Magnetic micro/nanoparticles have brought sample treatment including wastewater and biological products some sunshine up to now. Compared to other processing techniques, microparticles have the advantages with faster analysis in large volumes of sample treatment [141] and smaller loss in solid-liquid mixture treatment. But the concerning applications should not be only connected to their nonspecific physical adsorption. The research focus in the future may be the modification of magnetic micro/nanoparticles. For example, molecularly imprinted polymer on the surface of magnetic micro/nanoparticles makes them have specific adsorption to different chemical substances. Therefore, they can remove pollutants from water samples more selectively and effectively.

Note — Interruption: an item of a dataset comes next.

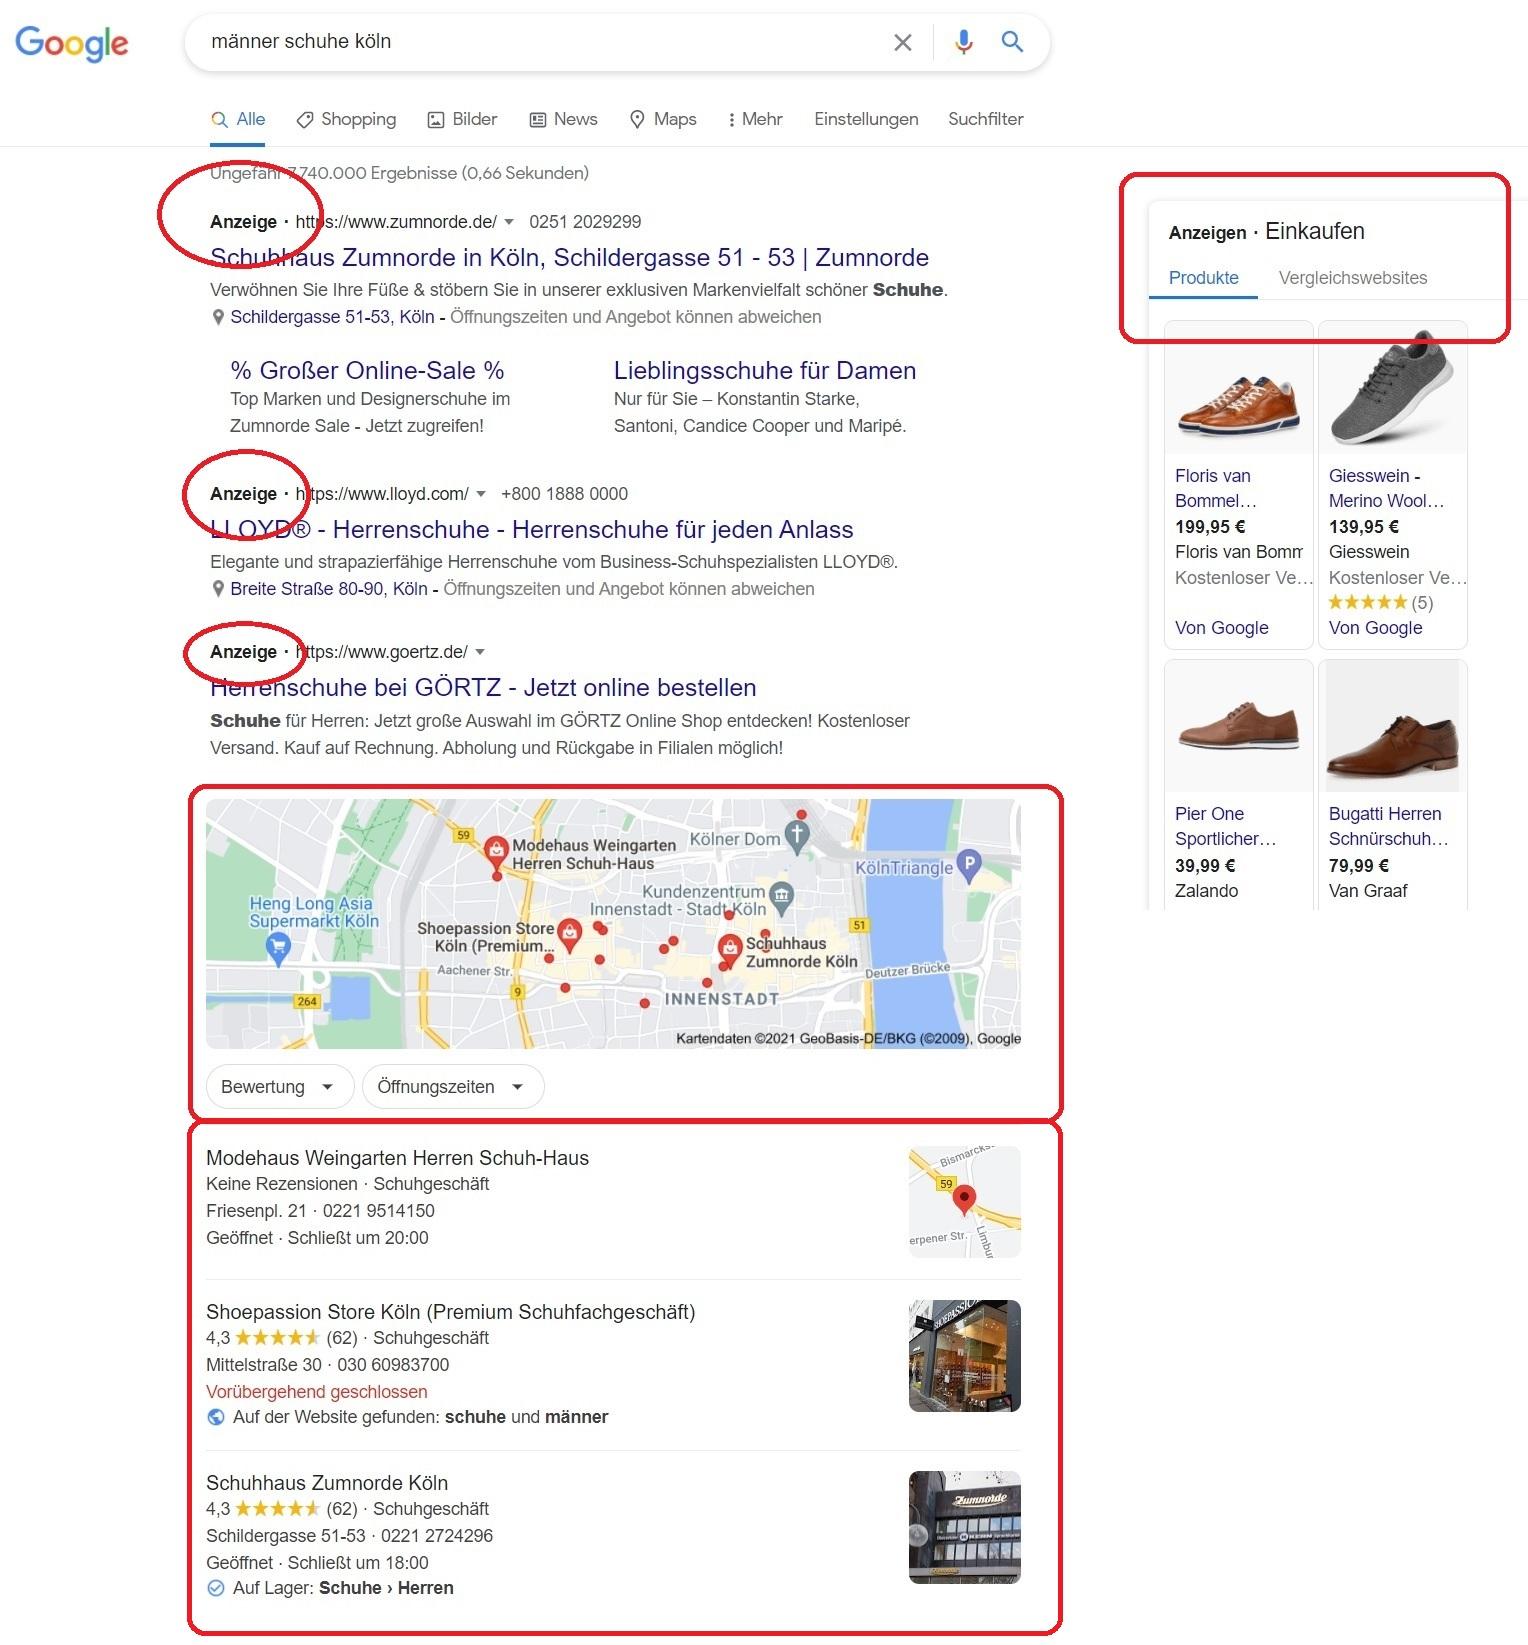 SEA-Anzeigen von Google

Magnetic catalysts, which can be applied in the field of green chemistry, organic synthesis and sustainable and benign chemical transformations, may replace traditional catalysts in the future. Magnetic materials in this field began only in around 2008 and continue growing increasingly year in and year out. Magnetic catalysts can be easily, fast and cost-effectively separated from the reaction medium. And the recyclability and highly stability are the salient features for the popularity and sustainable applications of magnetic catalysts [142]. To produce magnetic catalysts endowed with both magnetic and catalytic properties, magnetic nanoparticles are often combined with metal catalysts or enzymes, among which, surface functionalization of magnetic nanoparticles is a subtly designed way to bridge the gap between heterogeneous and homogeneous catalysis. However, they suffer from unwanted aggregation and high iron leaching which generates undesired iron sludge and limits their reusability after the treatment [143]. The former question has been improved by transplanting catalyst onto pre-synthesized magnetic nanoparticles, as well as by the functionalization and modification of magnetic nanoparticles, and coating or encapsulating with stabilizing materials such as polymers, ionic liquids and carbon. But it is challenging whether their persistent activity is maintained over a period of time due to the poisoning or leaching of the catalysts in the reactions. Thus, the development of new magnetic catalysts demands further research to overcome these problems [144].

In conclusion, although there have been many exciting practical and/or potential applications of magnetic micro/nanoparticles, considerable challenges and issues remain unsolved. Nevertheless, the whole trend undoubtedly is that further utilization of magnetic micro/nanoparticles would potentially lead to a most attractive and promising research area all over the world.